How ISP sees the HTTPS traffic? [duplicate]
If I am visiting a https
url say https://www.youtube.com/watch?v=7HKoqNJtMTQ
. What exactly my ISP will see ?
Solution 1:
You can always install Wireshark and see what's going out of your Internet-facing network interface for yourself.
This Stack Overflow post gives you specific details. The destination host you are connecting to will be known, as it's part of the certificate involved in the SSL setup. That's the "www.youtube.com" part of the URL. The rest of the specific URL isn't visible to your ISP, but if you are using your ISP's DNS servers, your ISP will be able to know you at least made a DNS lookup to that site. A DNS lookup cannot be tracked back to a specific URL but keep in mind some sites put different types of content on different servers (such as Bing putting all explicit content on its own domain) and that could implicate you. Use a non-ISP DNS such as OpenDNS if you can.

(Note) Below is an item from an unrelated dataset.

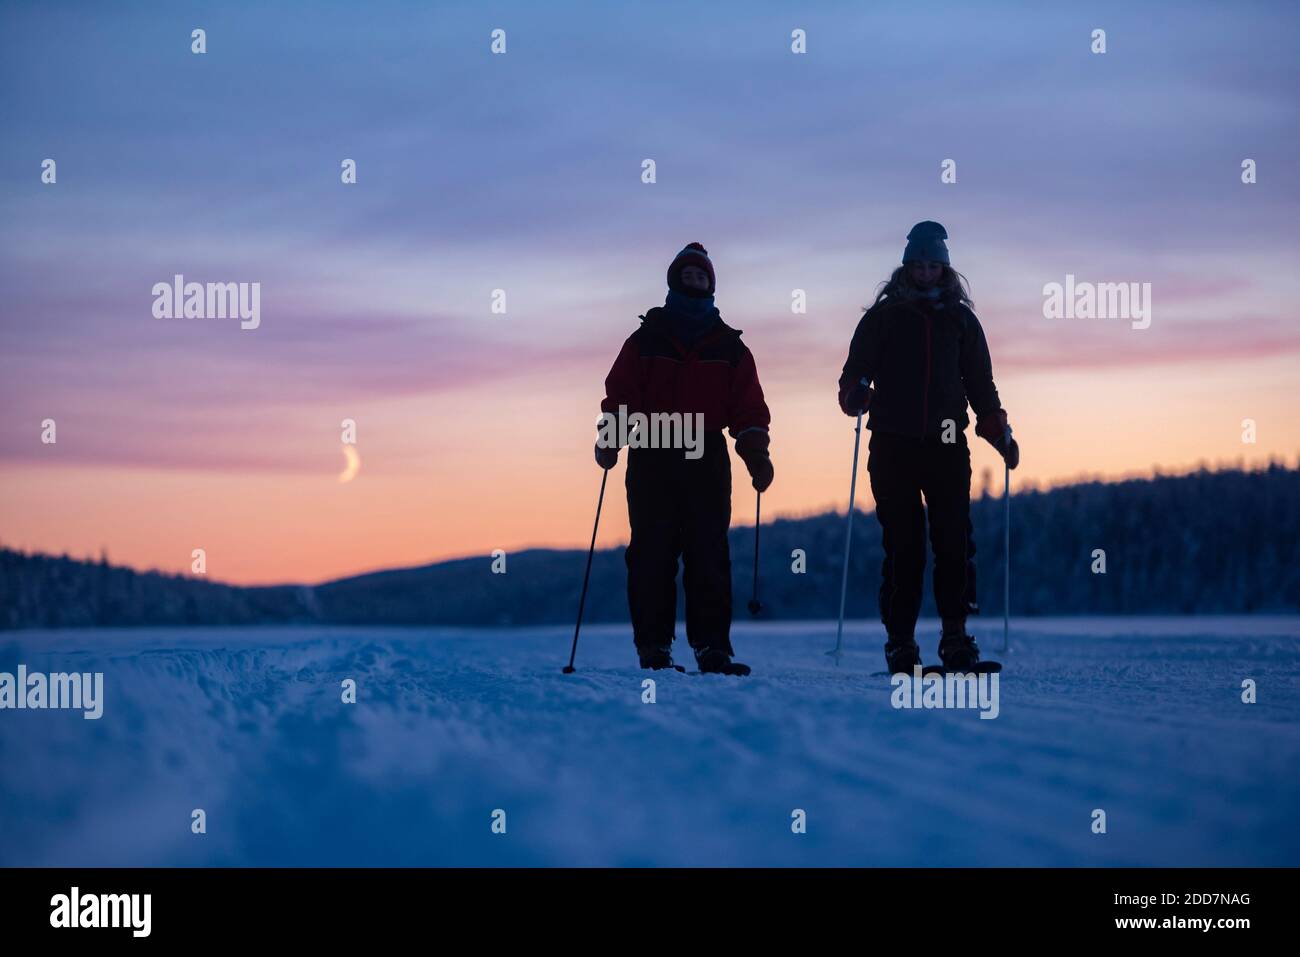 Skiing on the frozen lake at Torassieppi at sunset, Lapland, Finland Stock Photo

This is assuming you've verified that the certificate presented by the server is the one you are expecting. SSL proxies (i.e. "man-in-the-middle") are possible but they will substitute a different certificate - which is on you to check for, especially if the substituted certificate is part of the plethora of "trusted root certificates" recognized by most browsers.
Solution 2:
wildcard attack
If the ssl certificate of the destination site is compromised, e.g. by a wildcard certificate owned by a 3rd party, the confidentiality can be compromised on the way to the destination side. (e.g. see this article)
company use case
If your ISP is your company, all your traffic may become visible for the company.
Think about a setup, there an additional root certificate owned by the company is deployed to the browser key store. Using this certificate the attack described is easily possible.
In this case a ssl enabled reverse proxy like squid can be used to crack up your encrypted connection.
This is under some circumstances a valid setup, because it allows the use of security systems (e.g. malware scanner) also for ssl encrypted traffic.
The use of such a setup depends on legal restriction in the specific county. In Germany the "Betriebsrat" (employees representatives) have to acknowledge this.